Both Aaron’s script and Dillon’s art are pretty simple, yet they are both highly entertaining. Script wise, we have the familiar scenario of which the major mafia bosses are crapping their pants in fear of being found by the Punisher. This time, their nefarious plan involves creating a fake boss of all bosses (aka, a Kingpin) out of a patsy and a paper trail so that The Punisher will chase that instead of them. Here we get a Punisher Max introduction to everyone’s favorite bald fat man, Wilson Fisk. Much of my enjoyment of this issue comes from Aaron’s interpitation of Fisk, as he’s portrayed as a brutal low level lackey who is silently striving for more, and from the looks of things, he’s going to enact a plan to secretly screw over his bosses and become the true boss of them all. (OK, we all know he’s obviously going to become the Kingpin, just pretend that you have no idea about his Marvel Universe proper history). This is a fun character, and I feel that most of the fun from this arc is going to come from Fisk.
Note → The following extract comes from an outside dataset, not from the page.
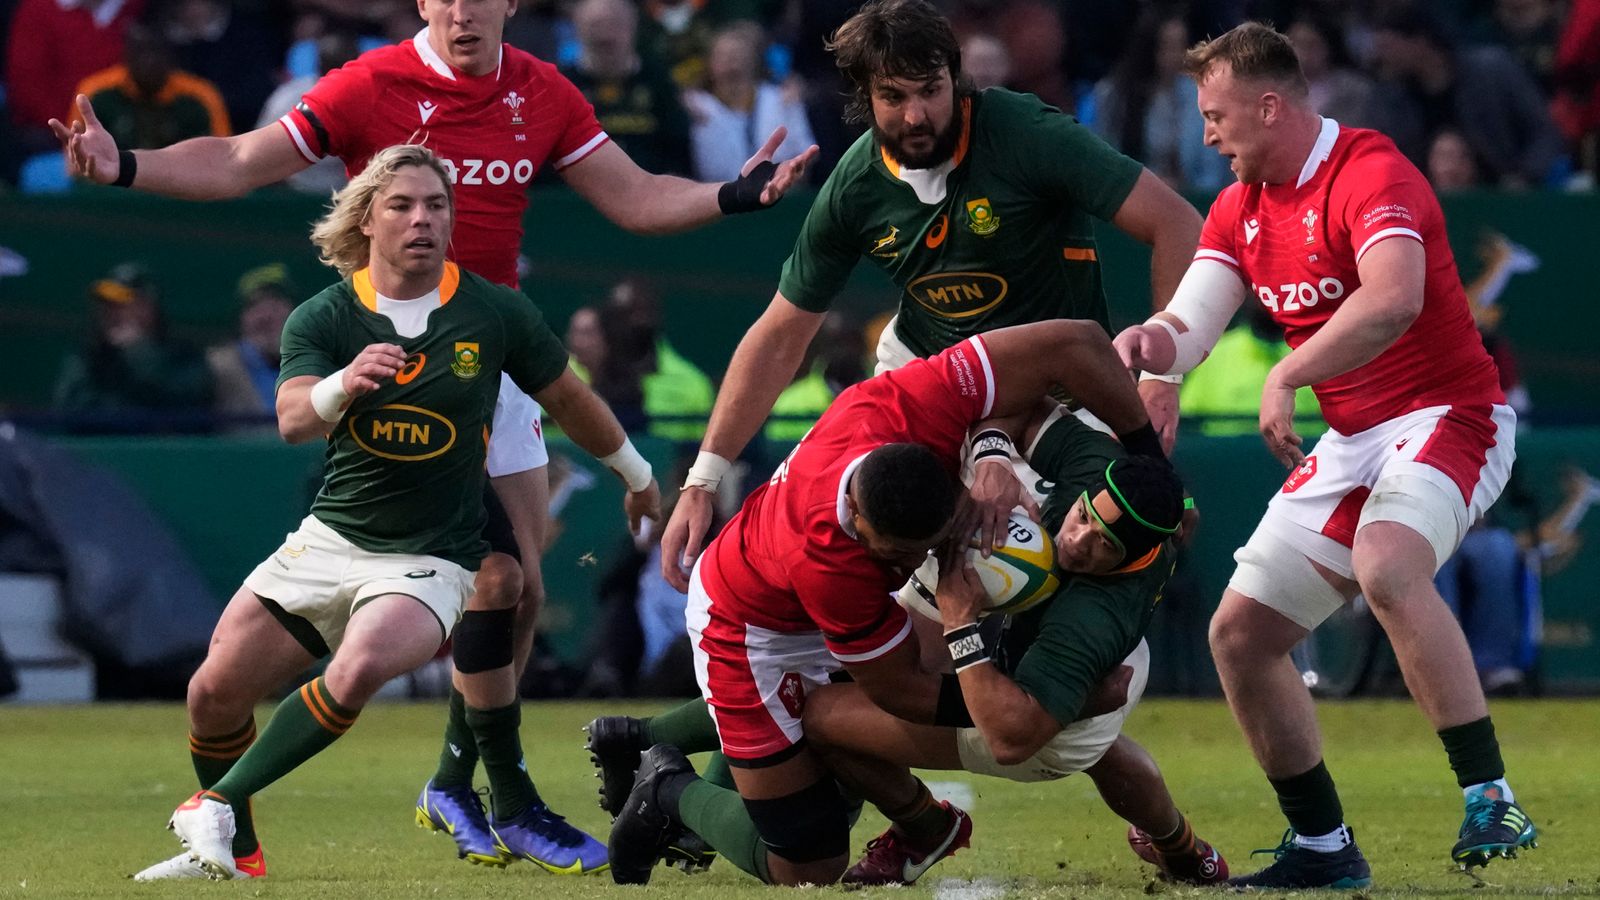 South Africa 32 - 29 Wales

Additionally, Dillon’s art adds great depth to the issue. This type of story seems to play to his strengths as an artist, as its somewhat down to earth, but with a sprinkling of weird elements thrown in, like Fisk popping some dudes eyes out. So naturally, Dillon’s art fits like a glove for this series, so hopefully we can keep him around for the long run. I especially liked his take on Fisk, in which he had that dead behind the eyes look that not only made him look intimidating, but that he was secretly plotting something. Great stuff.

I’m really dug this issue, as it shows exactly why Jason Aaron and Steve Dillon are two of the best comic creators out there. It also succeeds in helping people move away from crying over Garth Ennis leaving the title, as it shows that The Punisher can still be great without him writing it. A definite must read.

Story: 4 - Very Good
Art: 4 - Very Good


  1. What did you make of the eye-popping? That ruined it for me. As a huge fan of Ennis MAX run (like you) I understand the world this comic exists in — something closer to ours than regular 616. No other superheros etc, a more real world … but the eye popping thing? That was something out of a cartoon. Squeezing a guys head would crush his skull & kill him (not that anyone could even crush a skull with their bare hands). It wouldn’t make his eyes fall out & just be able to walk around like it’s nothing … & then push them BACK in. If this happened in Ennis’ old Punisher run before MAX, I’d get it, & enjoy it, but here? It just doesn’t fit.

    Very disappointing for me, as I had HIGH hopes for this. 

  2. @WadeWilson: MAX or not, it is still fiction.

    I never got past the third softcover of Ennis’ run because I couldn’t dig the artwork very much at all.  I’m so glad Steve Dillon is drawing.

  3. @wade_wilson:

    The almost cartoonish violence is pretty integral to Ennis’ Punisher. While his run wasn’t overly zany on every page, every once in awhile a bizzarly violent scene was stuck in to give a sharp contrast to the real world drama going on in the script. Example: the character Baracuda, or the fact that The Punisher punched out a polar bear! Like I mentioned, what makes this title great is that it stradles a thin line between cartoony and real life.

  4. @comicBOOKchris- There was two separate phases of Ennis’ MAX — the Welcome Back Frank 30 or so issues, & then the reboot of another 60 + issues. The first 30 issues, was exactly like you said — cartoonish in it’s violence & black humour (this run was where the Polar was punched) & had appearances by Spidey, Wolverine etc.

    The last 60 issue run was completely different tone & set in a totally different universe. Dark, violent & like I said above — set in a more real world like ours where no superheroes exist. This is what I was expecting from Aaron’s Punisher, but now 4 issues in, I see it’s more of the Welcome Back Frank, cartoonish, black humour style. 

    The Barracuda stuff you mentioned, did happen in the 2nd MAX version, & it was pretty over the top, but still at the limits of actually being possible.